ACTIVITY: Output the data in full. Keep every word exact and exclude the pictures.

RECORDED INFORMATION:
"""

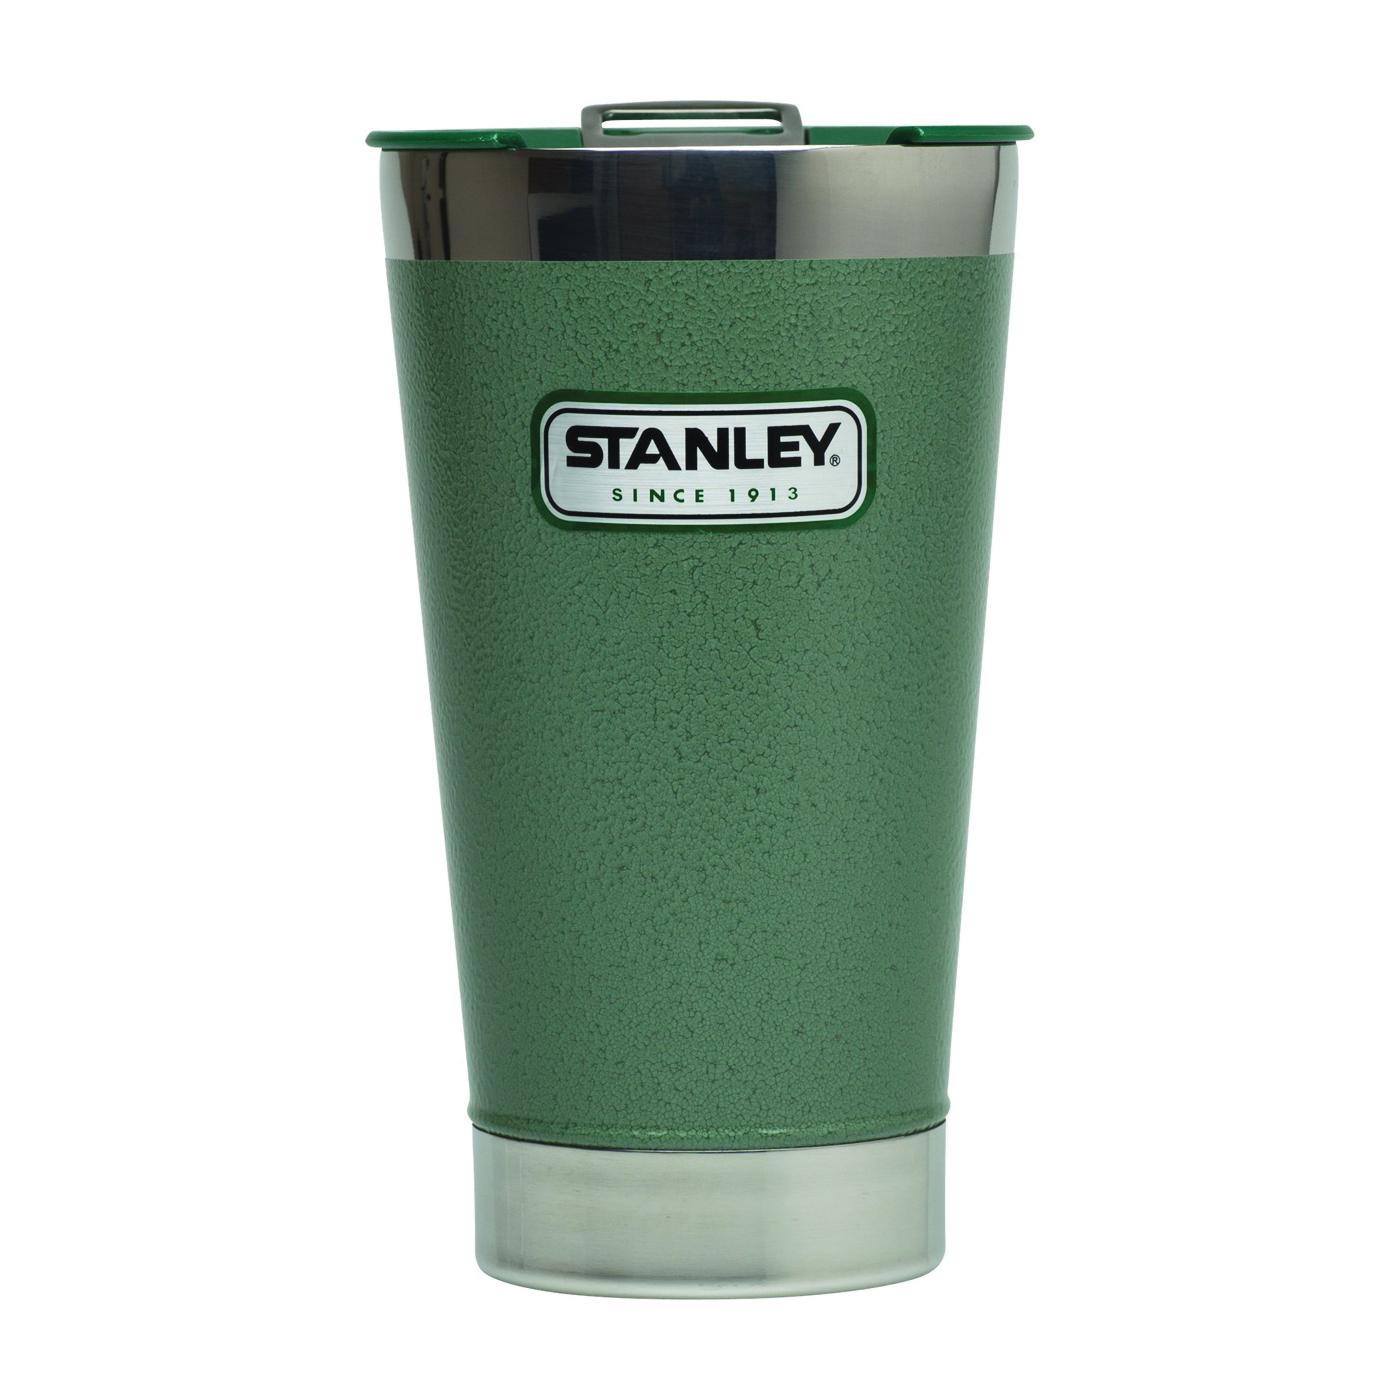 STANLEY 10-01704-001
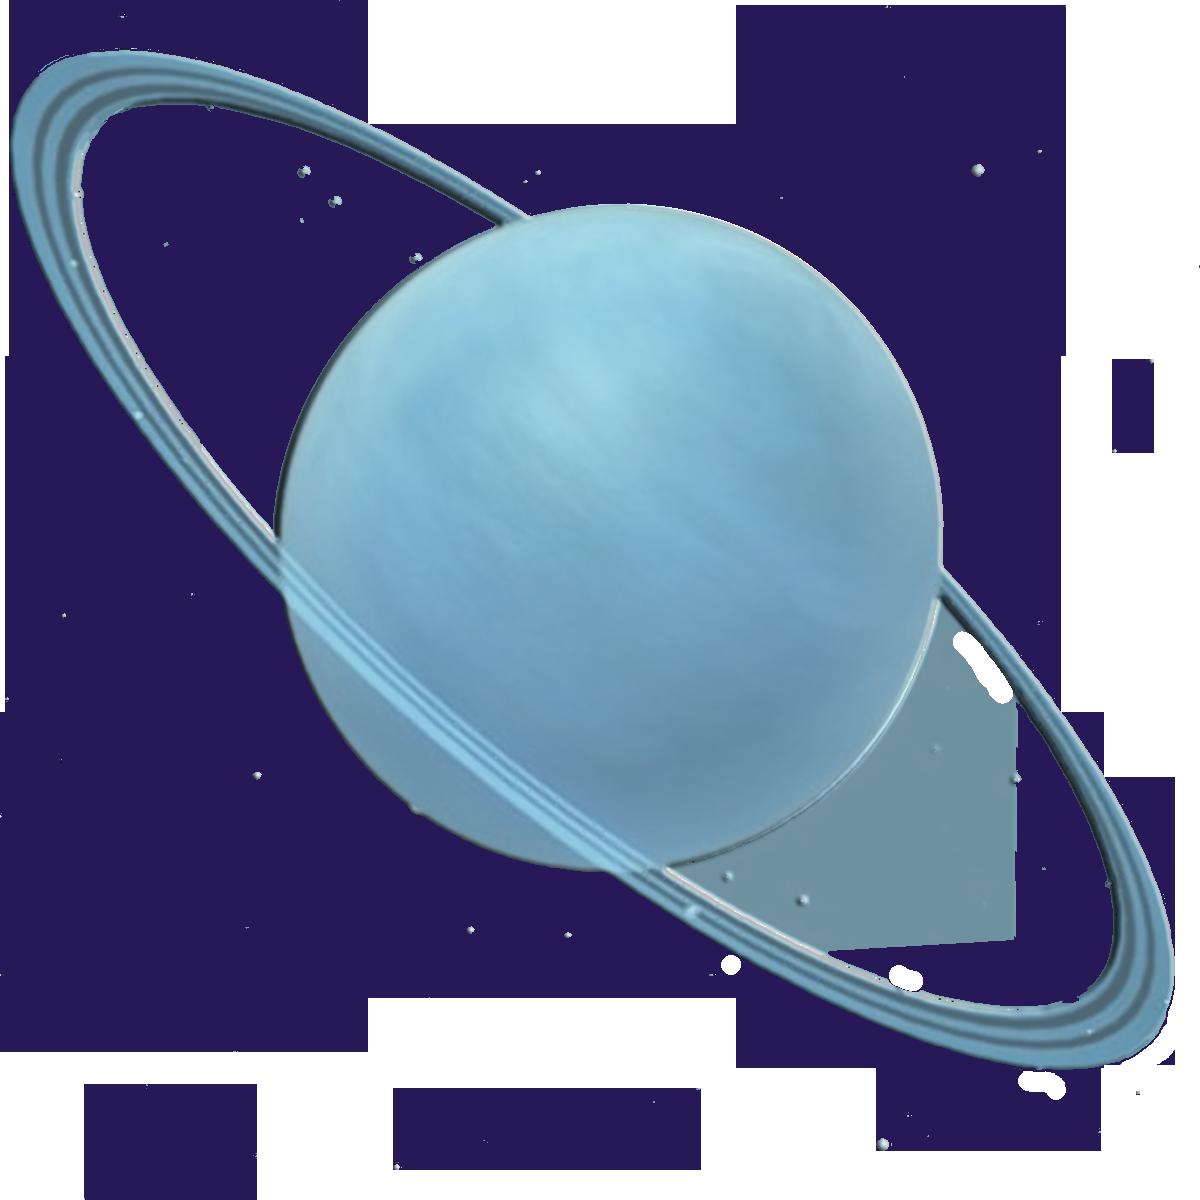 Marbles clipart planet neptune. Uranus png planets kittysol
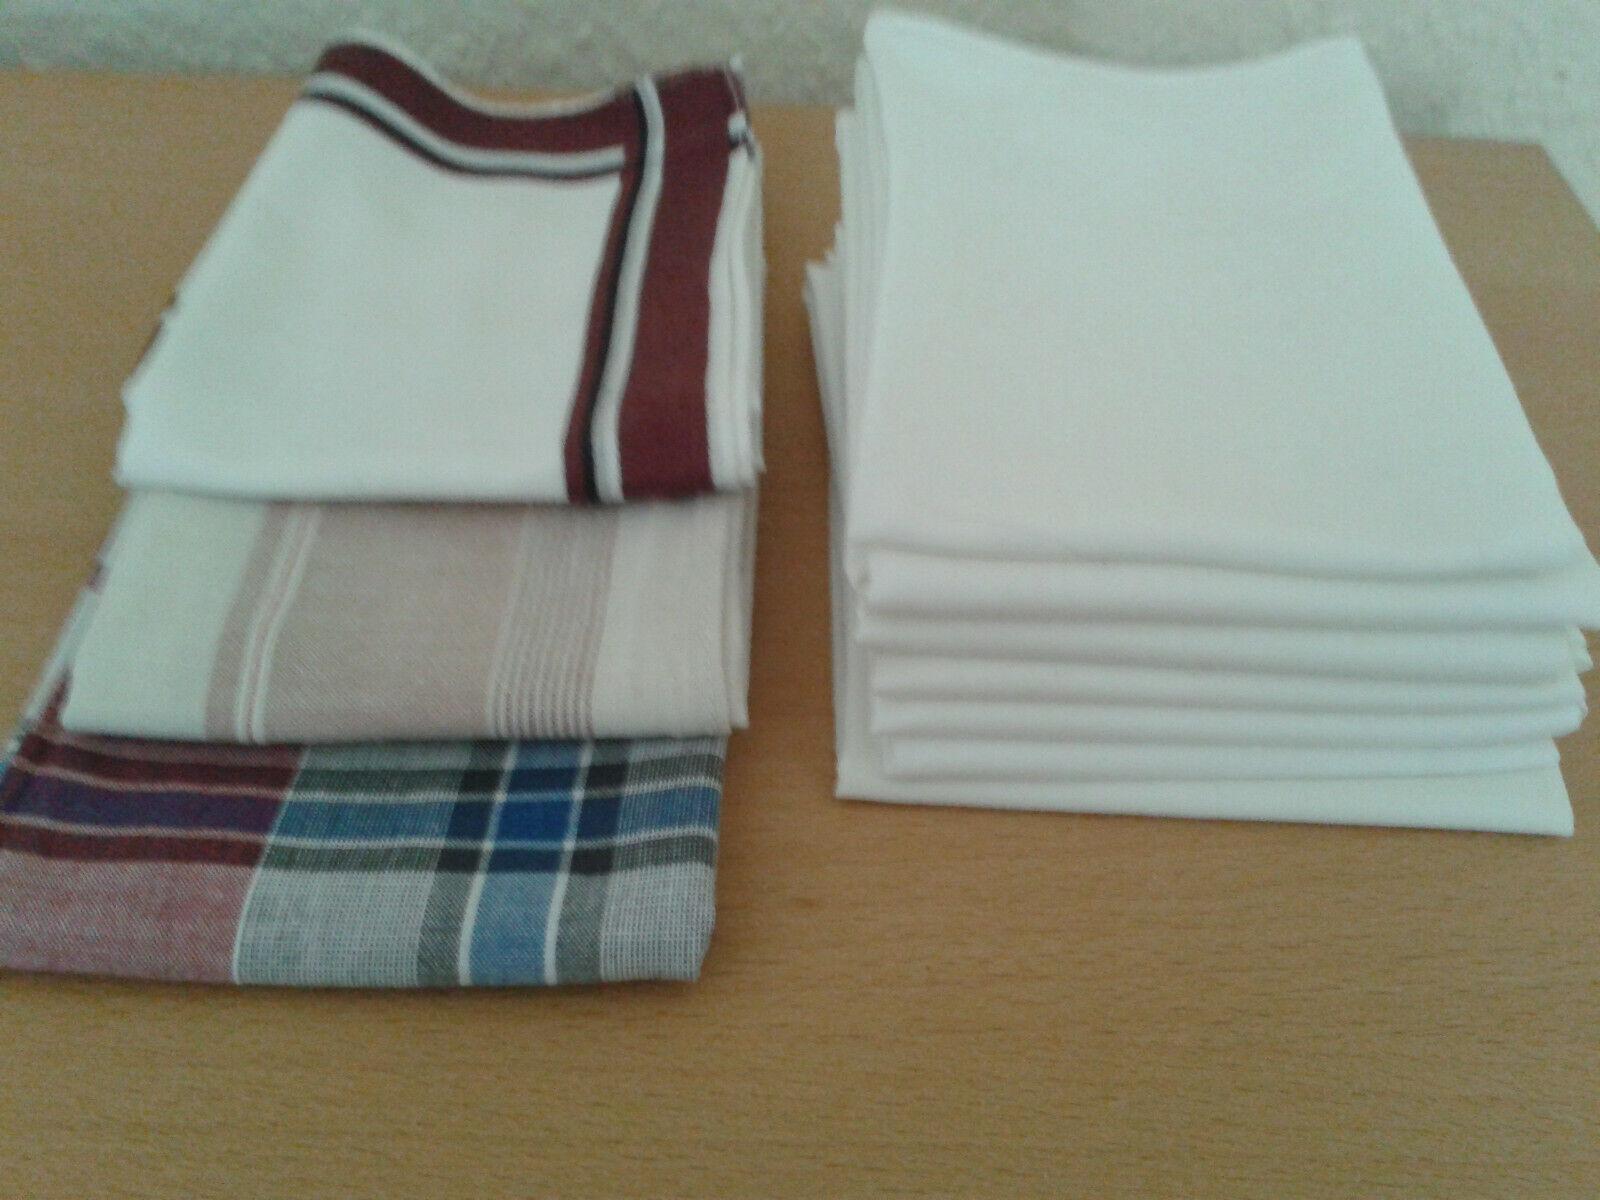 10 Handkerchiefs Fabric-Handkerchiefs approx 40 x 40cm Mens Handkerchiefs White
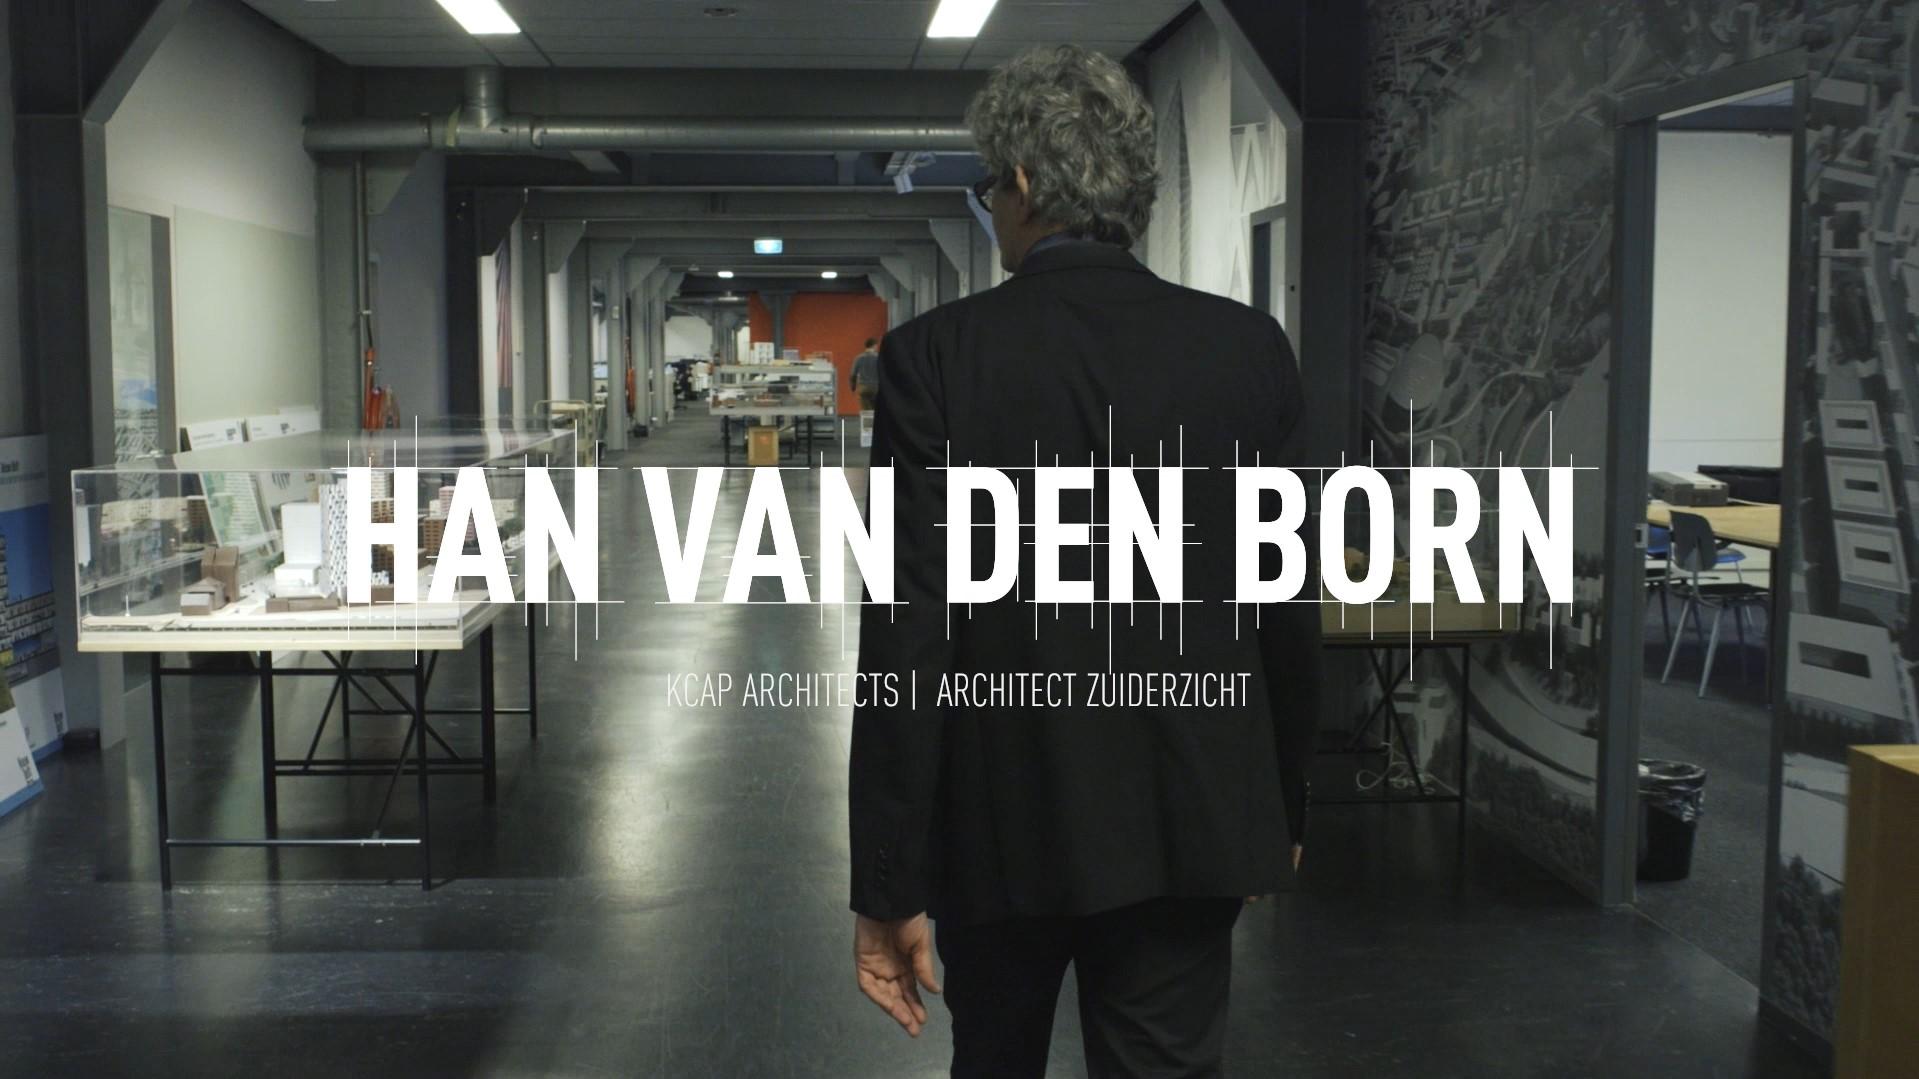 Architect Han van den Born van KCAP Architects

"""

ANSWER FOR THE TASK:
 STANLEY 10-01704-001
 Marbles clipart planet neptune. Uranus png planets kittysol
 10 Handkerchiefs Fabric-Handkerchiefs approx 40 x 40cm Mens Handkerchiefs White
 Architect Han van den Born van KCAP Architects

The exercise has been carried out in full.